For instance, for DSM Major Depressive Episode, positive cases must have one of
"depress mood" or "loss of interest or pleasure" symptoms plus at least three others.
Inquiry stops with negative responses to both the first items. If positive to either or
both gatekeeper questions, inquiry continues until three positive responses are
obtained or the list is exhausted. Items on the list do not seem to be ordered according
to any statistical criterion such as frequency of occurrence. This means that a very
large number of questions are not asked of every subject.

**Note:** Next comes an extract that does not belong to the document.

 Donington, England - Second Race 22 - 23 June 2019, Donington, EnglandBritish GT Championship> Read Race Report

The current study is a large epidemiological one (N~10000). Other sources of
missing data are negligible. The researchers were planning to undertake some form of
factor analysis of the symptom data. My suggestions included (1) LCA of the data
including the "Not asked" category in addition to Present and Absent. (2) Estimation
of a factor model using multiple imputation methods to impute values for the unasked
questions. (It seems to me that the data may be considered missing at random.) My
concern is that both (and particularly the LCA) may simply give back the structure
that was used to decide what questions to ask. The imputation approach is also rather
messy, but seems to be the only way to get a MAR analysis with categorical data.

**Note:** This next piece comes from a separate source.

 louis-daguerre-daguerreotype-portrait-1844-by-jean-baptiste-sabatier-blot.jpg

I'd welcome suggestions for alternative approaches I might try in Mplus or other
software, or comments on what I've proposed.
 Bengt O. Muthen posted on Friday, June 08, 2001 - 5:42 pm
It doesn't seem that this study was designed to study the dimensionality of depression due to the skip patterns employed. Factor analysis and LCA would seem to require yes/no answers to all of the questions in order to determine dimensions and classes. I don't believe the data can be easily used for more than classifying individuals as depressed/not depressed.

Regarding your suggestions, approach 2 using multiple imputation would seem to depend too highly on modeling assumptions given that such a large fraction of individuals are missing. You have MAR conditional on the first two questions but for the population of non-depressed, you have missing data for all depression items. Therefore, these individuals cannot be included in the analysis.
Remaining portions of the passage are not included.